George Irving Skinner (February 20, 1858 - March 13, 1926) was an American lawyer who was appointed as the superintendent of the New York State Banking Department in 1917.

== Early life and education ==
He was born on February 20, 1858, in Bainbridge, New York. He graduated from Colgate University in 1880. After his graduation he taught at the Norwich Academy and was an assistant principal for two years. Later he was principal of the Smithville High School. He read law in the office of John W. J. Church of this city and was admitted to the bar in 1887.

== Career ==
He began his legal practice in Bainbridge, New York, and then he served one term as the postmaster of Bainbridge, appointed by the administration of Benjamin Harrison. He married Mary Elizabeth McCrae (1866-1951) around 1890.

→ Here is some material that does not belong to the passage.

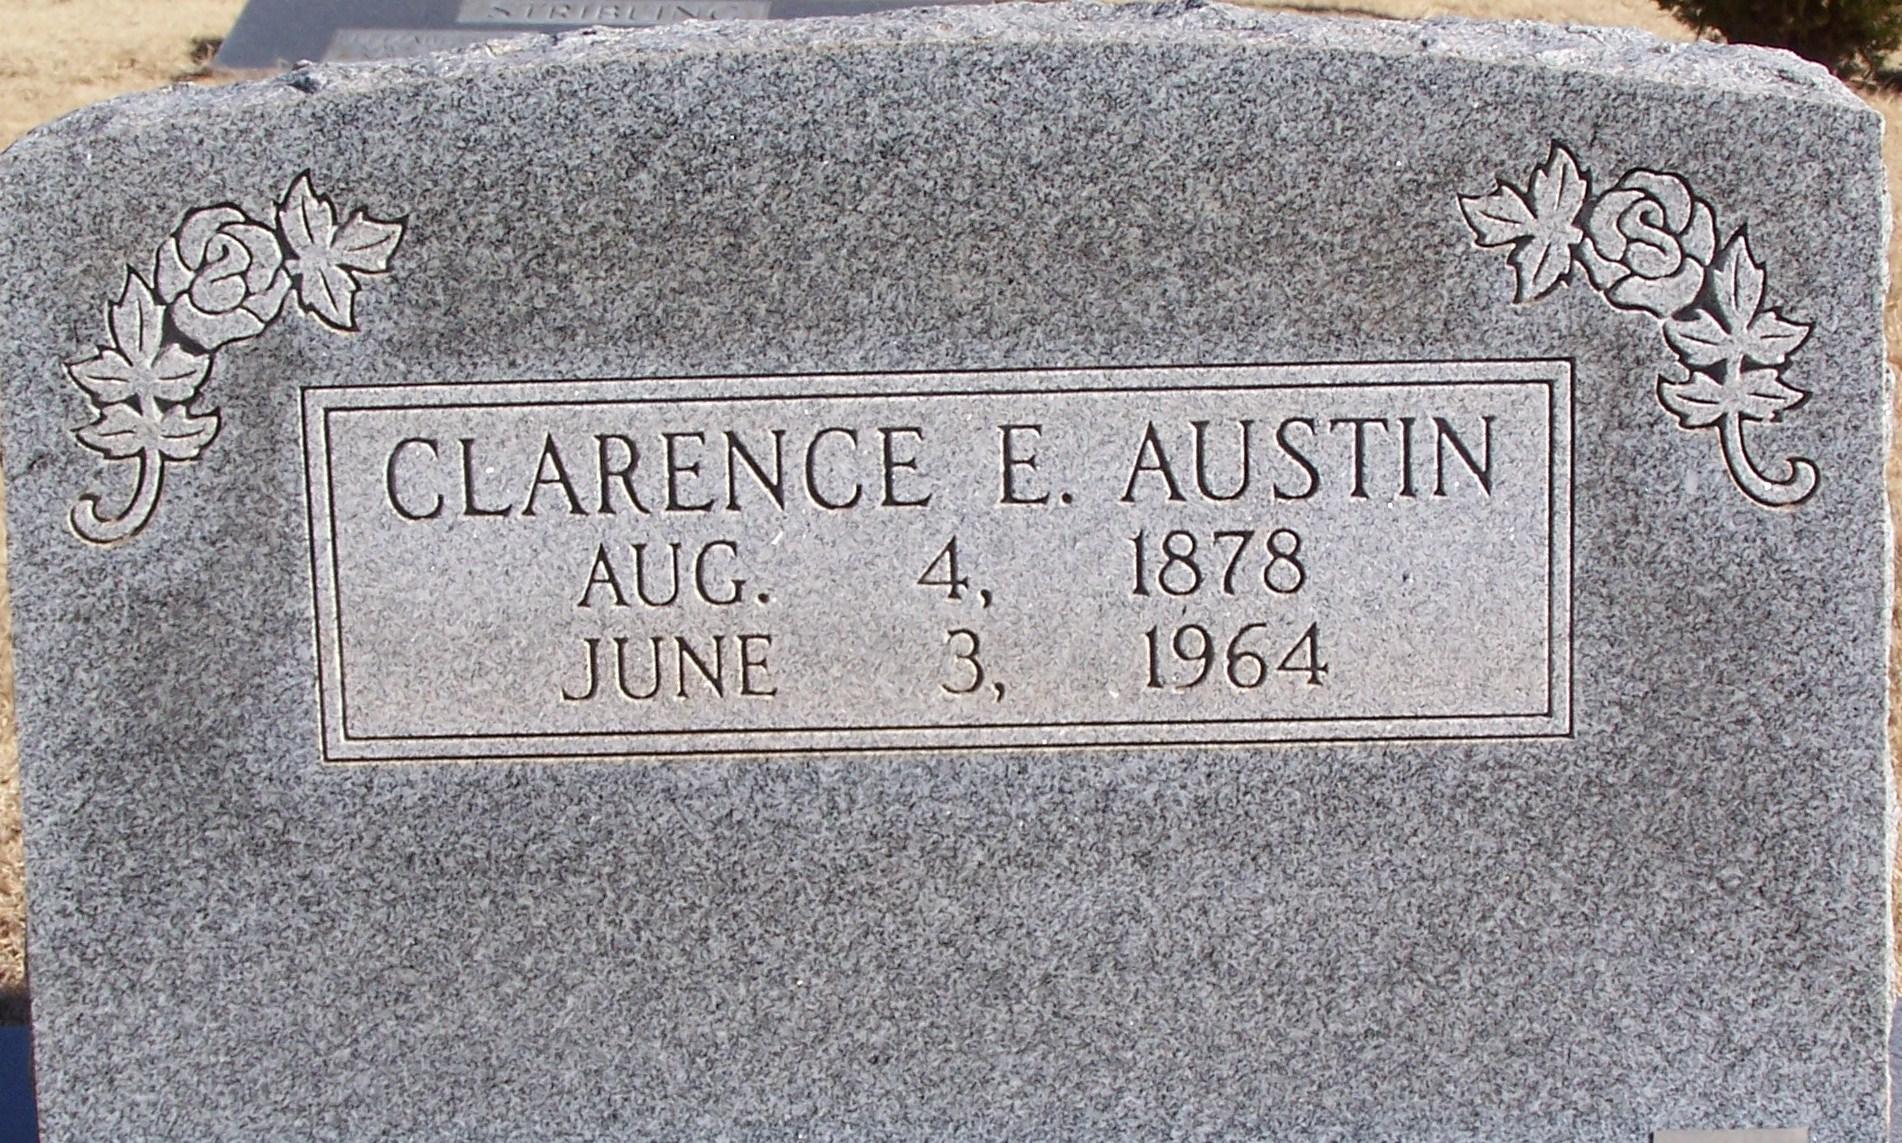 Clarence E. Austin

He was made a state bank examiner in 1897. He was appointed as the superintendent of the New York State Banking Department in 1917 by Charles Seymour Whitman, and he was replaced by George Vincent McLaughlin in 1920. Nathan S. Jonas of the Manufacturers Trust Company appointed him as a vice president at the bank.

He died at his home in Brooklyn on March 13, 1926, of heart attack following a bout of influenza. He was buried in Saint Peters Churchyard in Bainbridge, New York.